De meest voorkomende intestinale protozoaire parasieten zijn: Giardia intestinalis, Entamoeba histolytica, Cyclospora cayetanenensis, en Cryptosporidium spp. De ziekten veroorzaakt door deze intestinale protozoaire parasieten staan bekend als respectievelijk giardiasis, amoebiasis, cyclosporiasis, en cryptosporidiosis, en ze worden geassocieerd met diarree (8). G. intestinalis is de meest voorkomende parasitaire oorzaak van diarree in de ontwikkelde wereld, en deze infectie komt ook veel voor in ontwikkelingslanden. Amoebiasis is wereldwijd de op twee na belangrijkste doodsoorzaak door parasitaire ziekten, met de grootste gevolgen voor de bevolking van ontwikkelingslanden. De Wereldgezondheidsorganisatie (WHO) schat dat jaarlijks wereldwijd ongeveer 50 miljoen mensen aan een invasieve amoebiotische infectie lijden, wat jaarlijks 40-100 duizend sterfgevallen tot gevolg heeft (9,10). Cryptosporidiose komt het meest voor in zowel ontwikkelde als ontwikkelingslanden onder patiënten met AIDS en onder kinderen jonger dan vijf jaar. Verscheidene uitbraken van diarree veroorzaakt door C. cayetanensis werden in het laatste decennium gemeld (11). Verspreiding van deze protozoaire parasieten in ontwikkelingslanden vindt meestal plaats door fecale besmetting als gevolg van slechte riolering en slechte kwaliteit van het water. Door voedsel en water overgedragen uitbraken van deze protozoaire parasieten hebben zich voorgedaan, en de besmettelijke cystevorm van de parasieten is relatief resistent tegen chloor (12). Andere soorten protozoaire parasieten kunnen ook in de menselijke darm worden aangetroffen, maar zij zijn niet pathogeen, met uitzondering van Microsporidia sp.

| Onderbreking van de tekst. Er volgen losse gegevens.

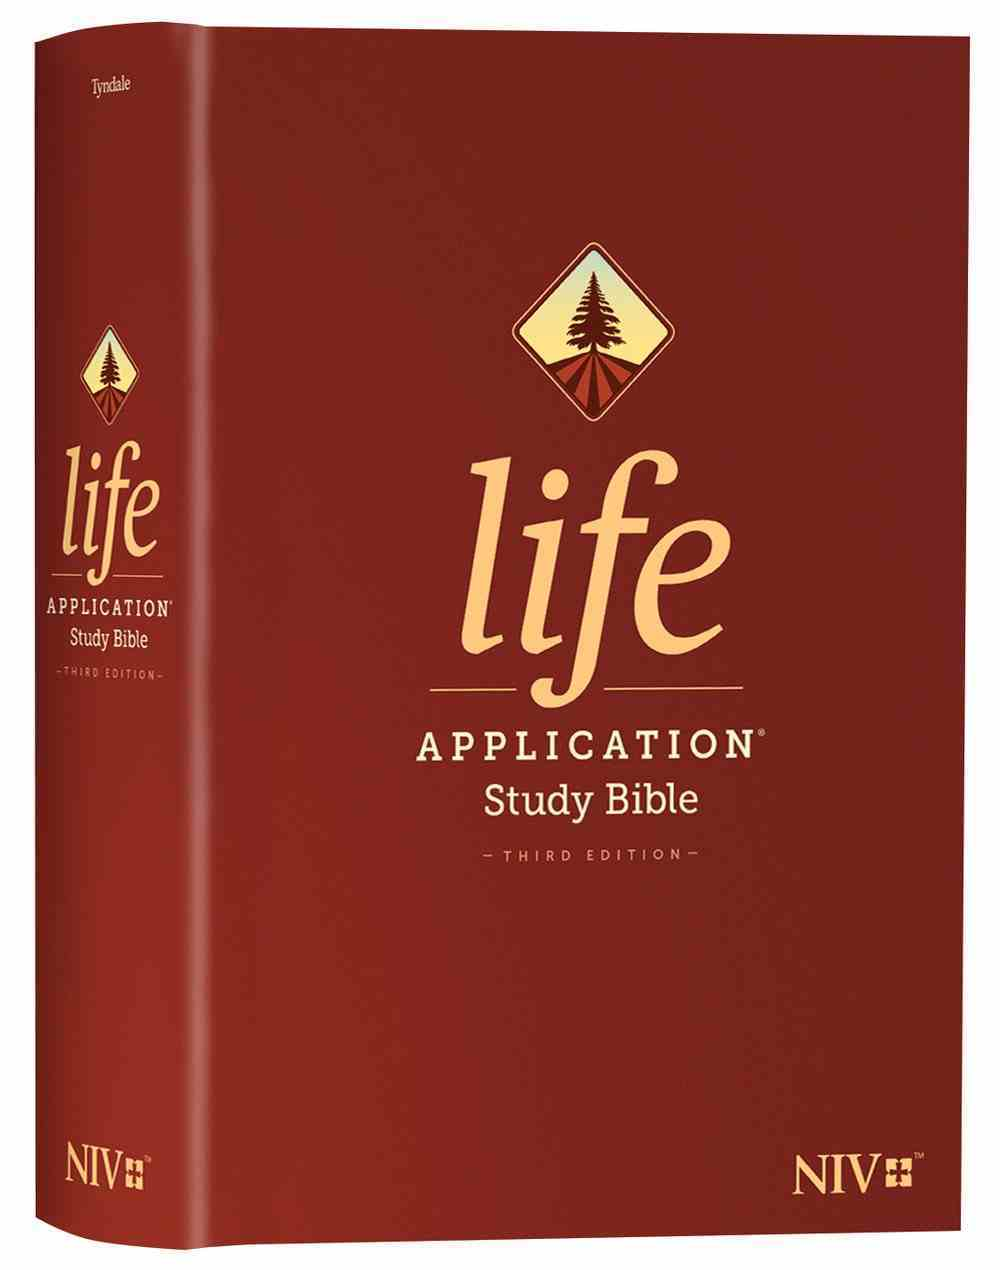 NIV Life Application Study Bible 3rd Edition (Black Letter Edition) Hardback
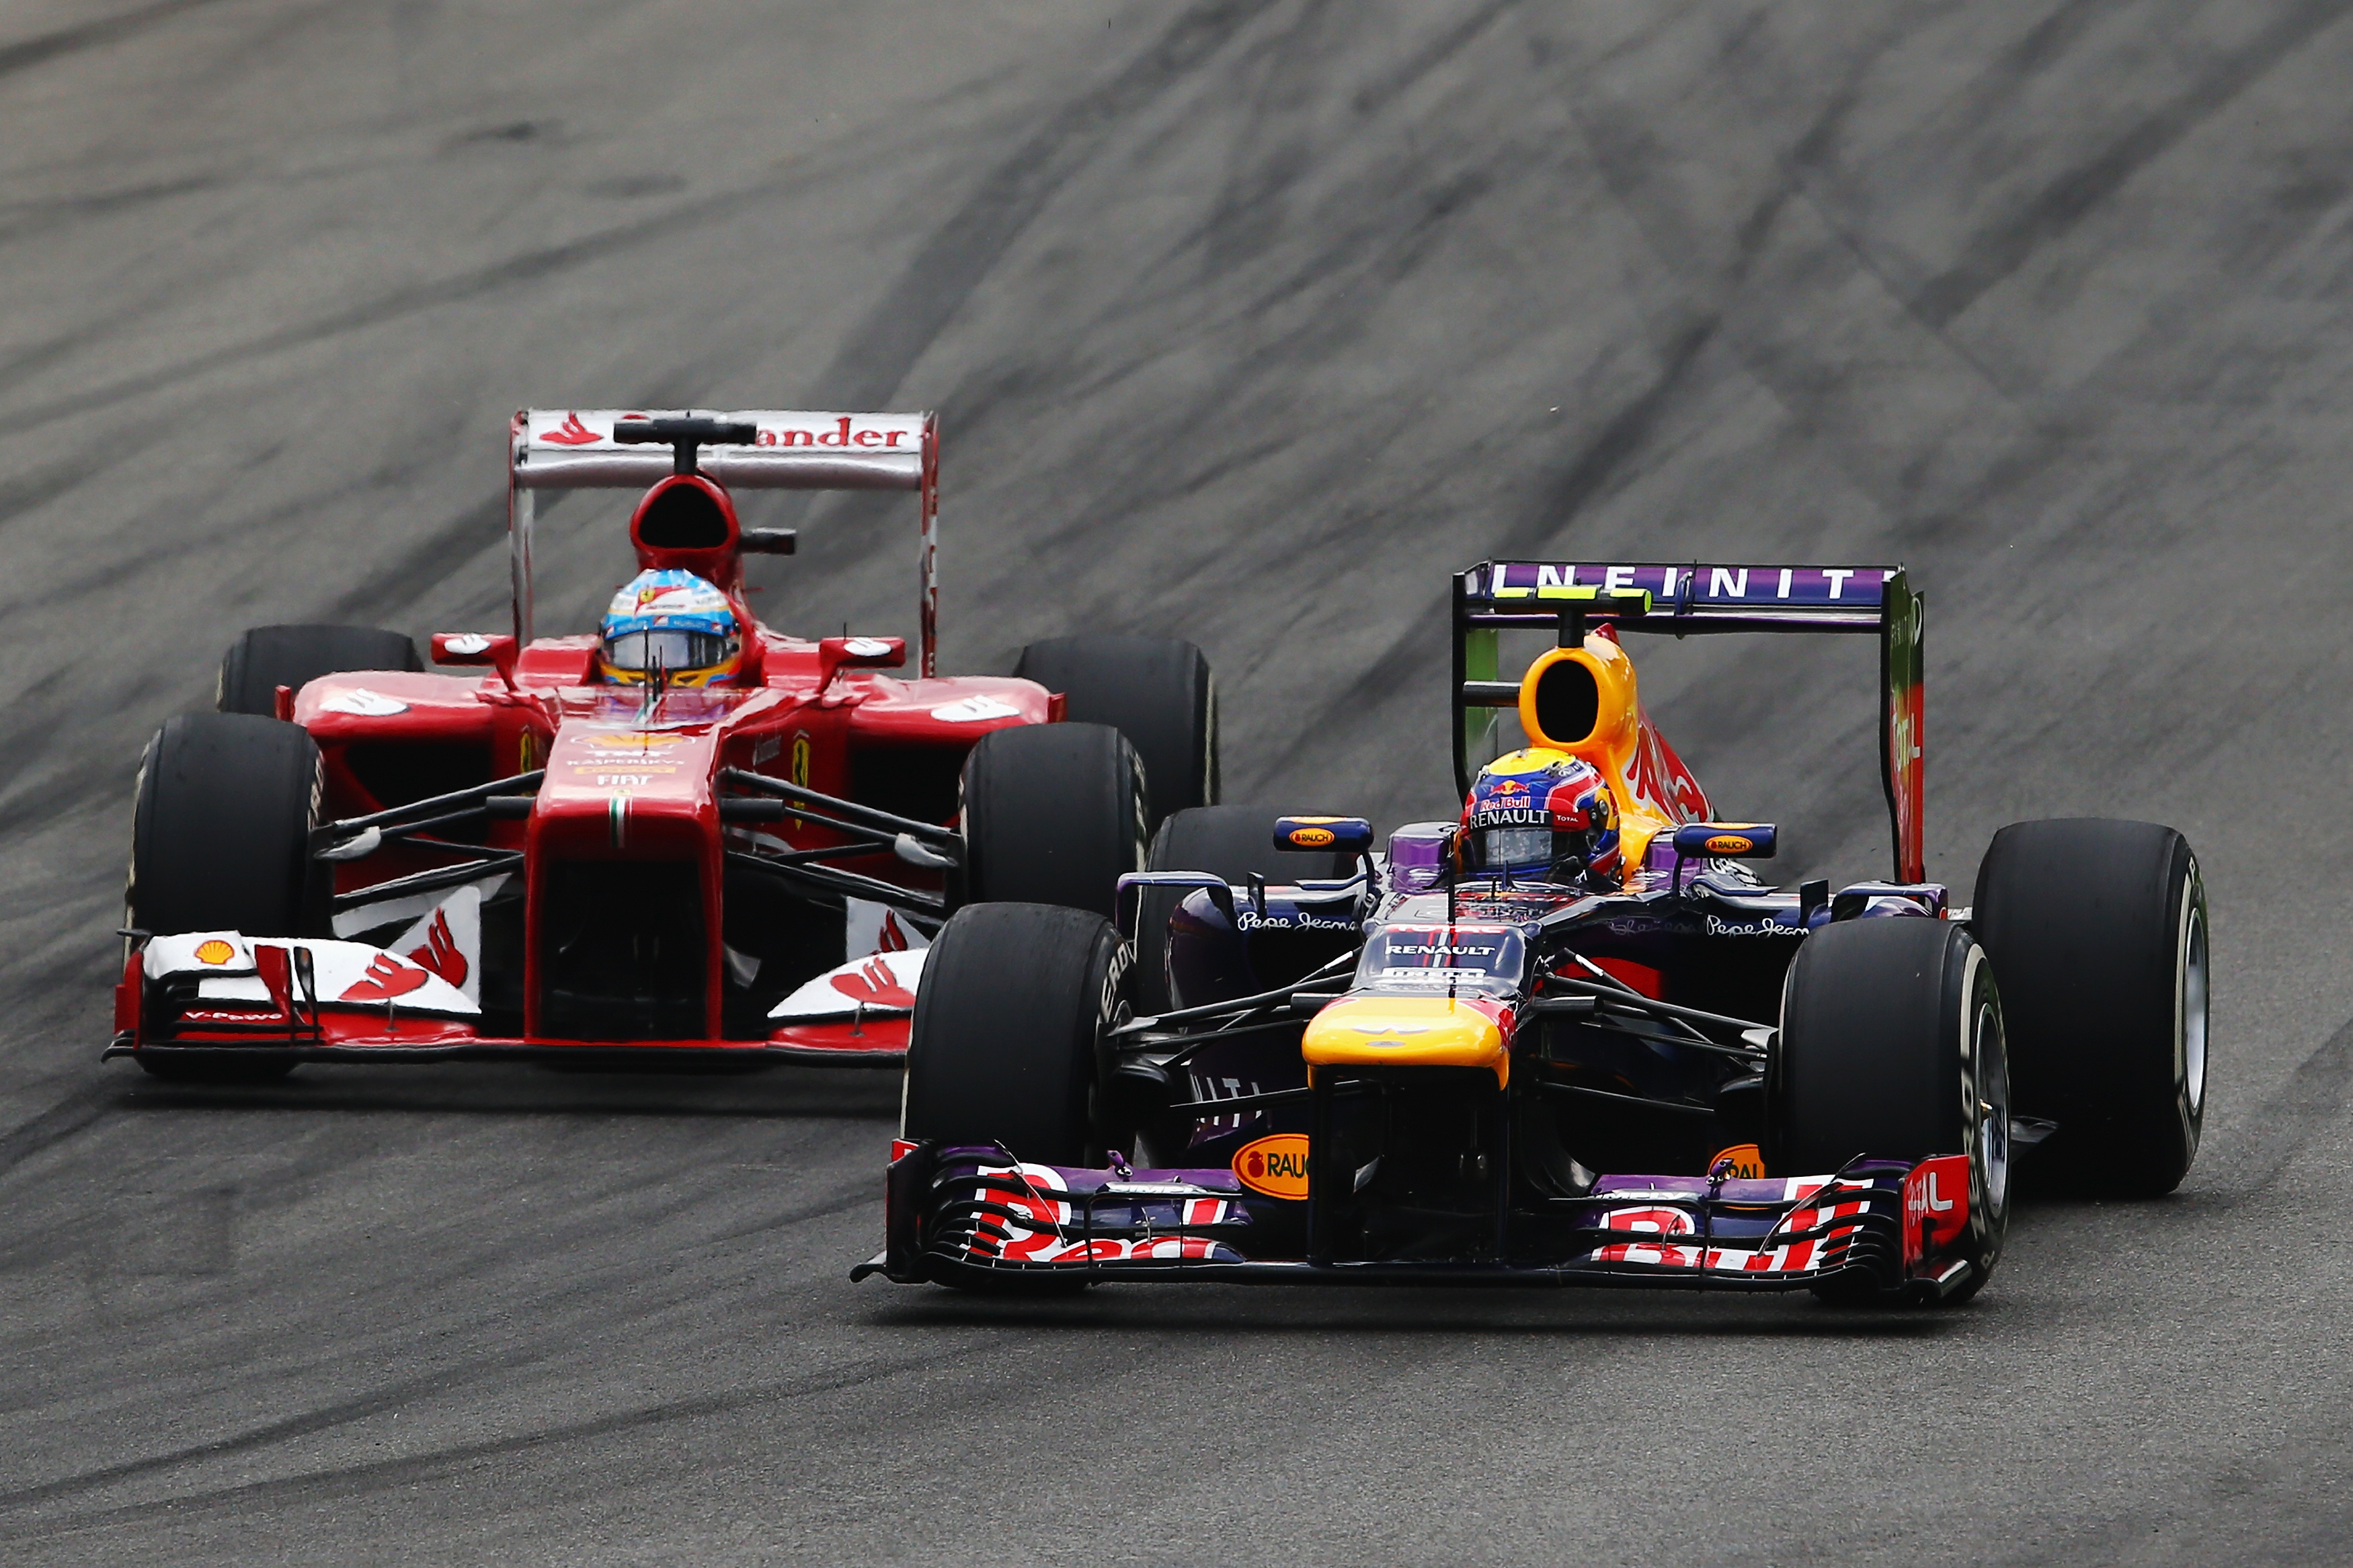 Seb Vettel Takes Dominant Italian Grand Prix Victory

In een artikel dat in dit nummer van het Tijdschrift is gepubliceerd, hebben Jacobsen et al. gekeken naar de prevalentie van darmparasieten bij jonge Quichua-kinderen in het hoogland of op het platteland van Ecuador (13). Zij hebben een hoge prevalentie van darmparasieten gevonden, vooral van de intestinale protozoaire parasieten. Zij hebben de traditionele microscopische techniek gebruikt om intestinale parasitaire infecties te diagnosticeren. In totaal werden 203 ontlastingmonsters onderzocht van kinderen tussen 12 en 60 maanden en bleek dat 85,7% van hen ten minste één parasiet had. De algemene prevalentie van intestinale protozoaire parasieten was: E. histolytica/E. dispar 57,1%, Escherichia coli 34,0%, G. intestinalis 21,1%, C. parvum 8,9%, en C. mesnili 1,7%, terwijl de prevalentie van intestinale helminthische parasieten in deze studie waren: A. lumbricoides 35,5%, T. trichiura 0,5%, H. diminuta 1,0%, en S. stercoralis 0,7%. Een recente studie in Nicaragua bij asymptomatische personen toonde aan dat 12,1% (58/480) positief was voor E. histolytica/E. dispar door microscopie, maar E. histolytica en E. disapr waren slechts positief door polymerase kettingreactie (PCR) in respectievelijk drie en vier ontlastingstalen onder de microscopisch positieve stalen (Niet-gepubliceerde gegevens). Deze studie bewijst opnieuw dat de diagnose van E. histolytica/E. dispar noch gevoelig, noch specifiek is wanneer zij door microscopie wordt gesteld. Om de werkelijke prevalentie van E. histolytica-geassocieerde infectie te begrijpen, moet een moleculaire methode worden gebruikt voor de diagnose.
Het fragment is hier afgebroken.